Toda
guerra es fundamentalmente robar: robar territorio, robar vidas. Pero hay otros
aspectos relativos al discurso que se crea sobre la guerra, analizándola, que
no sólo producen una información previsible sobre el asunto sino que casi
parecen justificarla, es decir, no juzgarla sino sola y escandalosamente,
comentarla como si fuera un evento más del mundo, eso sí, algo más ruidoso y
estentóreo.
1. El factor lingüístico. Se me dirá que todo evento o fenómeno que irrumpa
en la realidad cotidiana al ser comentado o investigado, genera una suerte de
discurso sobre tales cosas que repetirá patrones considerativos en la medida en
que esas cosas se repitan en el tiempo. Pero la guerra sólo es un fenómeno
cualquiera u otro más en cuanto entra en esas casillas clasificadoras del
lenguaje y su enorme inmoralidad, su carácter asesino se volatilizan en
formalizaciones que un periodista y otro, que un articulista y otro, repetirán
hasta con cierta rutina.
2.
La inercia
informativa. Apenas se ha informado la segunda o tercera vez
sobre un conflicto armado, ya se ha creado un estereotipo de cómo actúa cada
bando, del nivel de desgracia humana producido, del tipo de estrategia que el
enemigo está desarrollando y de las ambiciones finales que marcarán el proceso
final. Aunque se produzcan “novedades” en la realización de los combates, si no
contamos con una genialidad en los comentadores que adelanten o inventen un
fin, la capacidad descriptiva que nos dé una imagen de lo que ocurre, suele
repetir medidas analíticas y pronósticos.
3.
La gratuidad de los fenómenos geoestratégicos.

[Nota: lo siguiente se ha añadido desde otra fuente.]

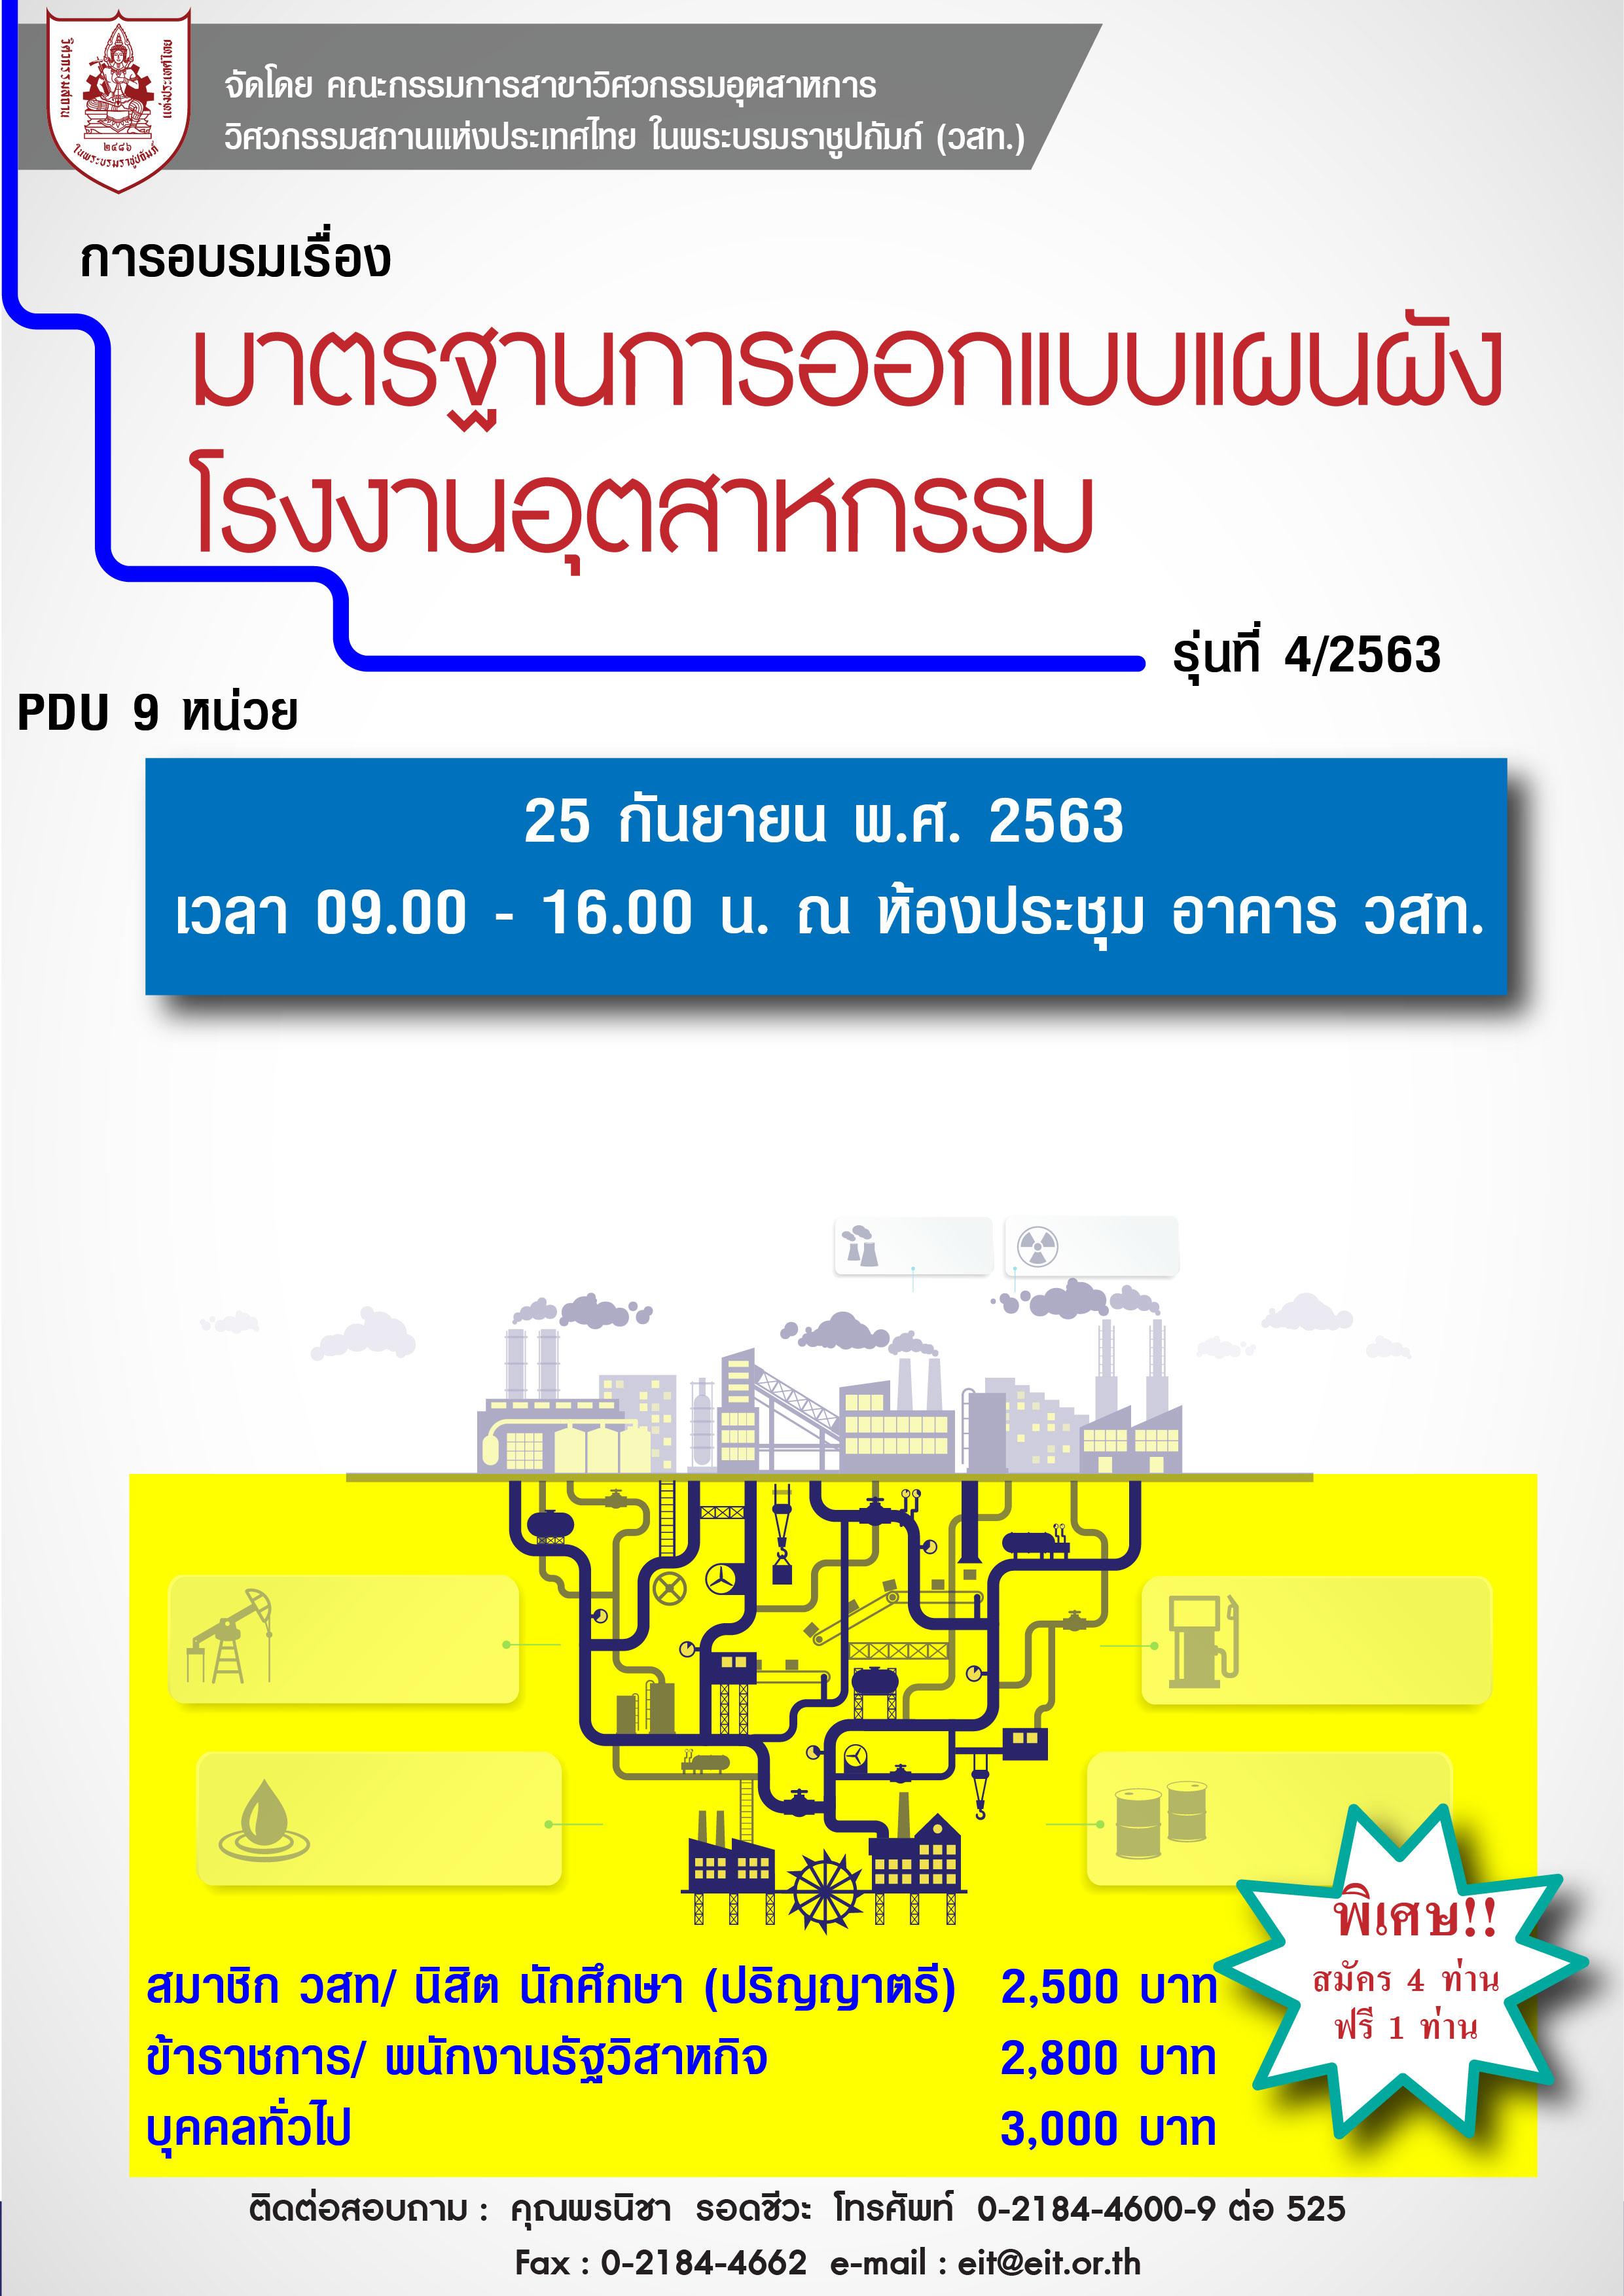 25/09/2563 มาตรฐานการออกแบบแผนผังโรงงานอุตสาหกรรม รุ่นที่ 4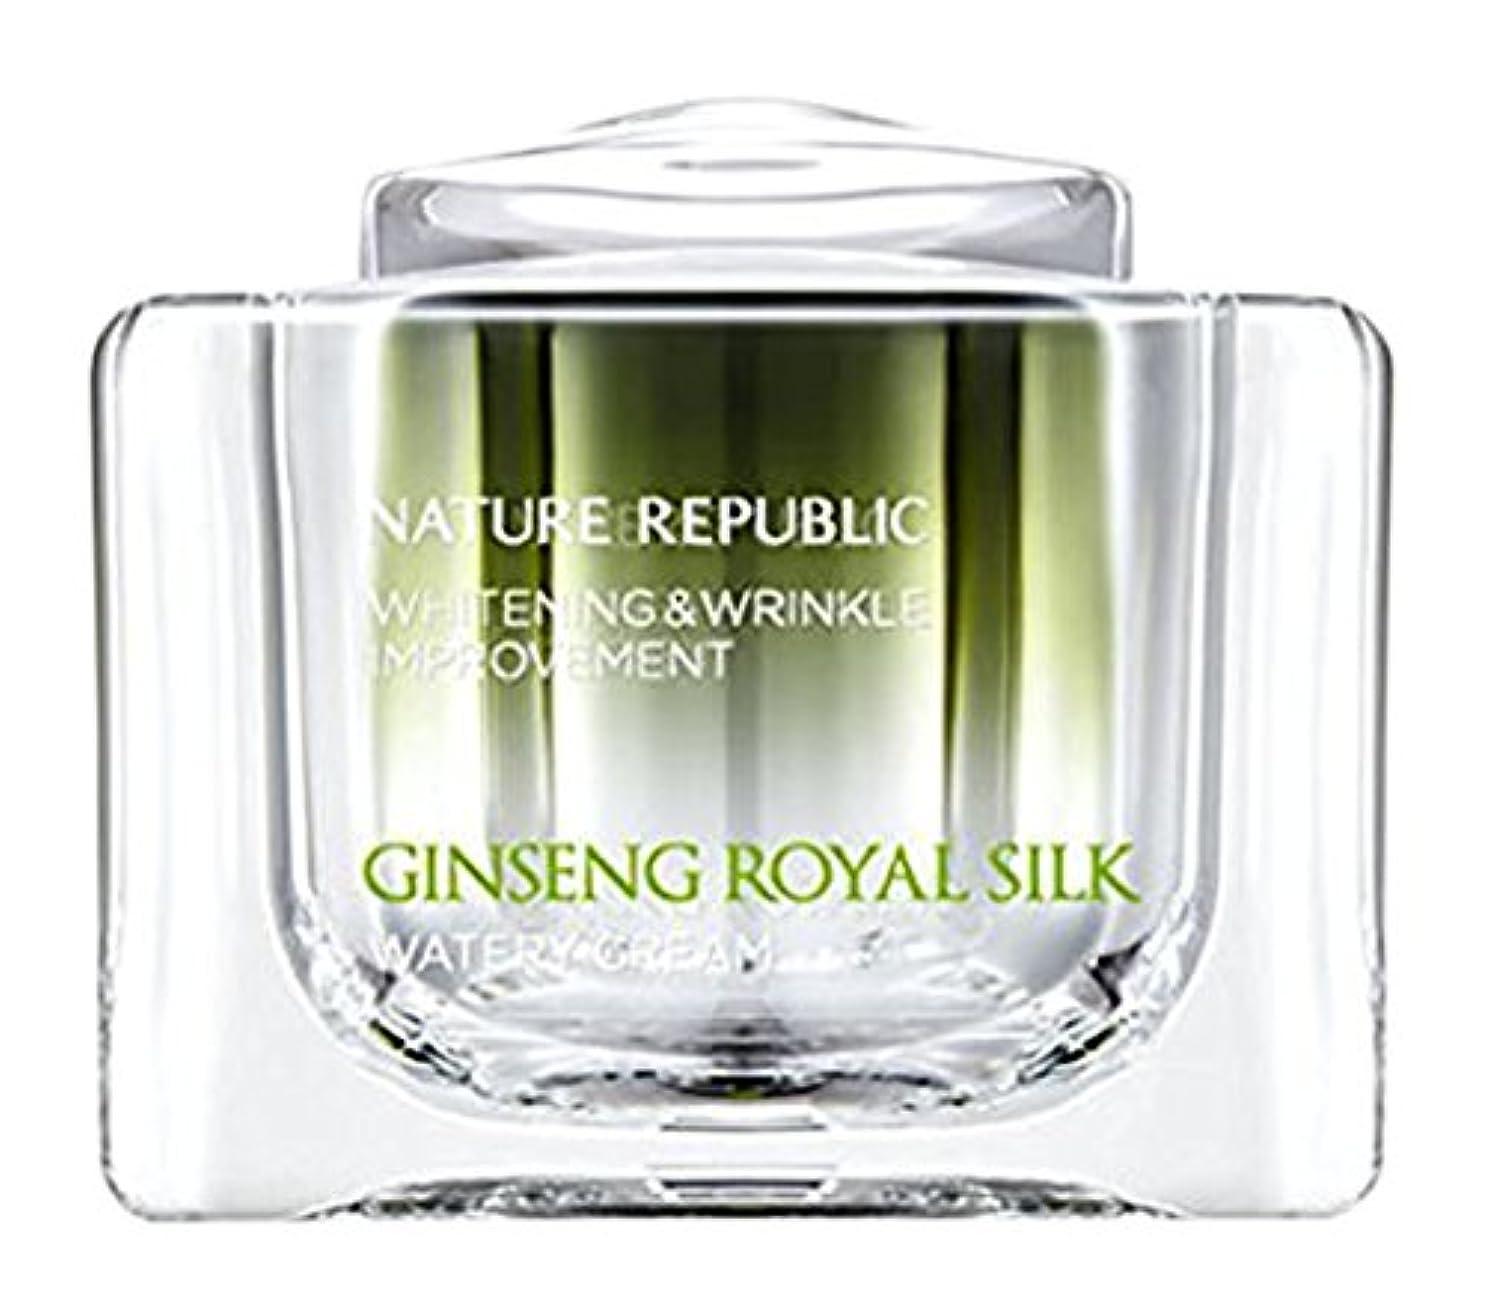 コショウ豆腐省Nature Republic (ネイチャーリパブリック) 正規輸入品 NATURE REPUBLIC(ネイチャーリパブリック) RY ウォータリークリームGI 60g NL8088

Cuando se ha creado un discurso que se entusiasma
con la cantidad de información que se produce y que se presta al comentario
regular, la moralidad, la capacidad empática se convierte en una mera presencia
lingüística, en rutinaria perspectiva, a años luz del dolor individual y del malestar
general. Hay más interés en noticiar los procesos de la guerra que en subrayar
el nivel de destrucción, el hecho indescriptible, del dolor y del aplastamiento
de la vida.
4.
El revoloteo
de los lemas anti o probelicistas. El
famoso No a la guerra apareció en un contexto en el que se criticaba que fuéramos nosotros,
los de este bando, quienes iniciáramos o propiciáramos la guerra. Ese matiz
determina esta consigna con cuyo enunciado básico y manifiesto cualquier
persona dotada de razón estaría de acuerdo. La utilización por parte de la izquierda
de este lema ante la brutalidad del caos producido por Putin en tierras
ucranianas, produce una reducción sectaria de la significación del lema, ya que
lo que viene a indicar como protesta es que no agrandemos más el conflicto con
intervenciones nuestras, suspendiendo la acusación directa a Putin y dejando
inerme a la población ucraniana.
Como poeta, todo comentario que busque una suerte de más o menos remota justificación política de lo que está ocurriendo en Ucrania, o que se demore con pasión de especialista informativo en la descripción circular de los hechos sangrientos, se atomiza, se pulveriza ante el solo e indiscutible hecho radical de la agresión y de la destrucción generalizada. Quien se dedica a volar por los aires hospitales y universidades es, simplemente, un criminal detestable. Por ello ante la gravedad de los hechos, sobran comentarios, es decir, prorrogas informativas que conviertan la guerra en un espectáculo y faltan reacciones tan contundentes o más que las que estamos denunciando. La guerra es la violencia definitiva y para quien siente el horror de la destrucción que comporta, su reflejo en las espirales discursivas, en el ámbito informativo, resultan casi antiéticas, aunque, fatalmente, teniendo en cuenta el universo mediático en el que nos encontramos, sean inevitables.